Although I’m still a beginner of practicing yoga, from now on, I would share you some yoga poses which I have tried and easy for every beginner. I claim that I love staying healthy and I find yoga helps me. So, I want to post here. I have been practicesing yoga at gym room, which provides lessons, everyday since September. And I'm improving :) happy me!

Stop talking and now start practices.

Downward-facing dog
1.   Come onto the floor on your hands and knees. Set your knees directly below your hips and your hands slightly forward of your shoulders. Spread your palms, index fingers parallel or slightly turned out, and turn your toes under.
2.   Exhale and lift your knees away from the floor. At first keep the knees slightly bent and the heels lifted away from the floor. Lengthen your tailbone away from the back of your pelvis and press it lightly toward the pubis. Against this resistance, lift the sitting bones toward the ceiling, and from your inner ankles draw the inner legs up into the groins.
3.   Then with an exhalation, push your top thighs back and stretch your heels onto or down toward the floor. Straighten your knees but be sure not to lock them. Firm the outer thighs and roll the upper thighs inward slightly. Narrow the front of the pelvis.
4.   Firm the outer arms and press the bases of the index fingers actively into the floor. From these two points lift along your inner arms from the wrists to the tops of the shoulders. Firm your shoulder blades against your back, then widen them and draw them toward the tailbone. Keep the head between the upper arms; don't let it hang.

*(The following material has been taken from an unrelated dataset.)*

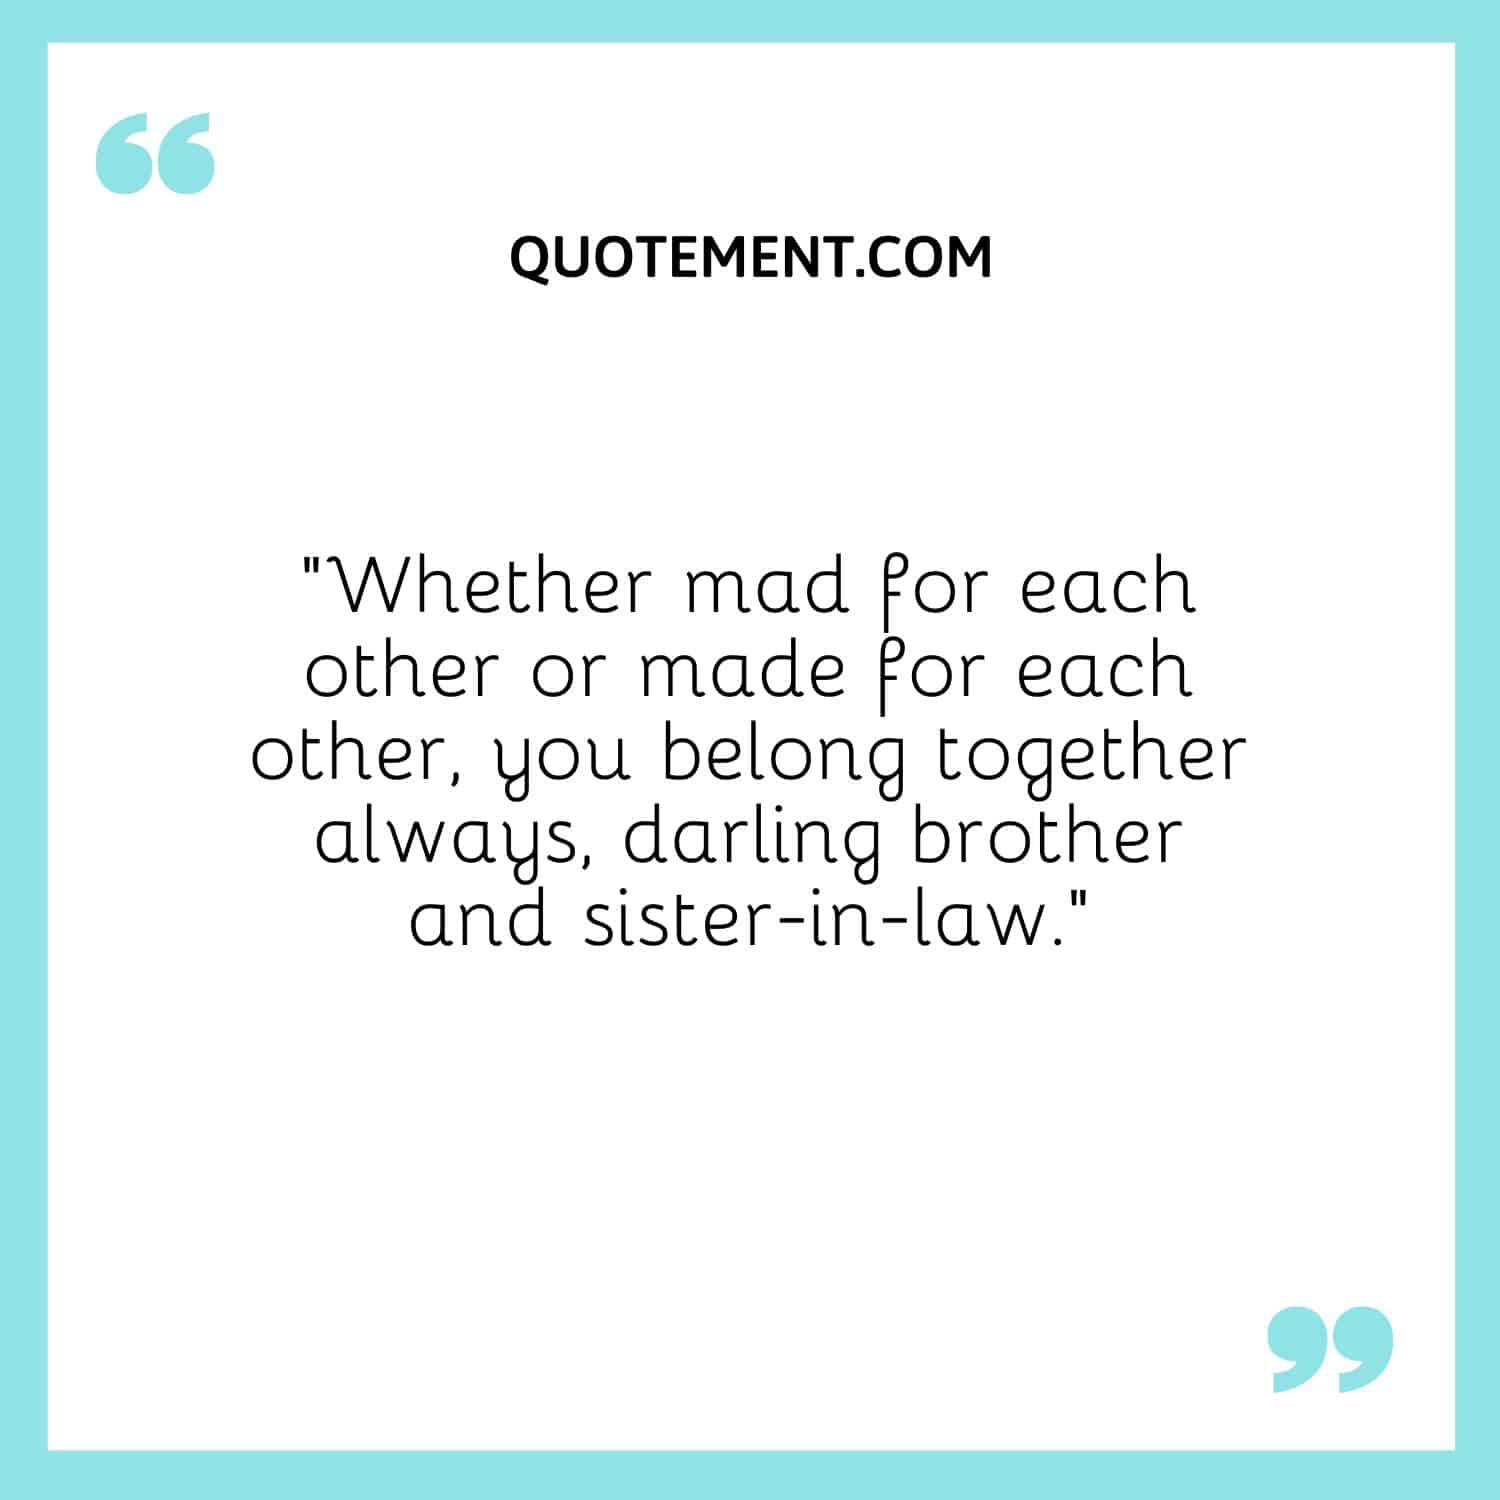 Whether mad for each other or made for each other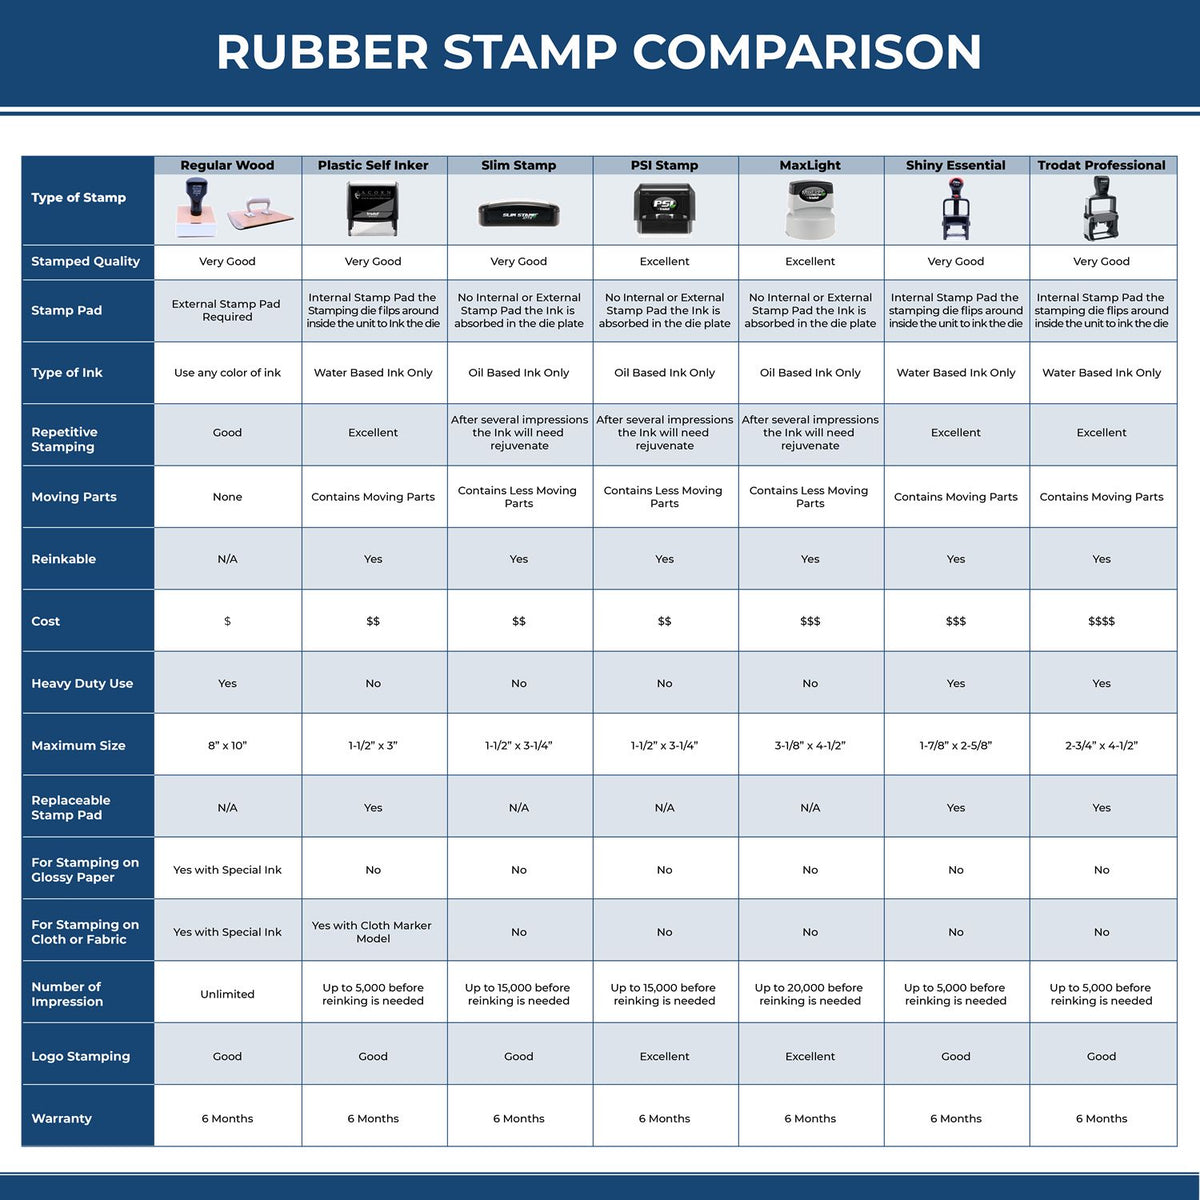 Large Ira Rubber Stamp 4562R Rubber Stamp Comparison

5.   Adho Mukha Svanasana is one of the poses in the traditional Sun Salutation sequence. It's also an excellent yoga asana all on its own. Stay in this pose anywhere from 1 to 3 minutes. Then bend your knees to the floor with an exhalation and rest in child’s pose.
Child’s pose
1.   Kneel on the floor. Touch your big toes together and sit on your heels, then separate your knees about as wide as your hips.
2.   Exhale and lay your torso down between your thighs. Broaden your sacrum across the back of your pelvis and narrow your hip points toward the navel, so that they nestle down onto the inner thighs. Lengthen your tailbone away from the back of the pelvis while you lift the base of your skull away from the back of your neck.
3.   Lay your hands on the floor alongside your torso, palms up, and release the fronts of your shoulders toward the floor. Feel how the weight of the front shoulders pulls the shoulder blades wide across your back.
4.   Child’s pose is a resting pose. Stay anywhere from 30 seconds to a few minutes. Beginners can also use child’s pose to get a taste of a deep forward bend, where the torso rests on the thighs. Stay in the pose from 1 to 3 minutes. To come up, first lengthen the front torso, and then with an inhalation lift from the tailbone as it presses down and into the pelvis.
(from yoga journal and youtube)
I’d suggest if you first try yoga, spend 5-10 minutes for these 2 poses. Still hesitate? Why not have a try?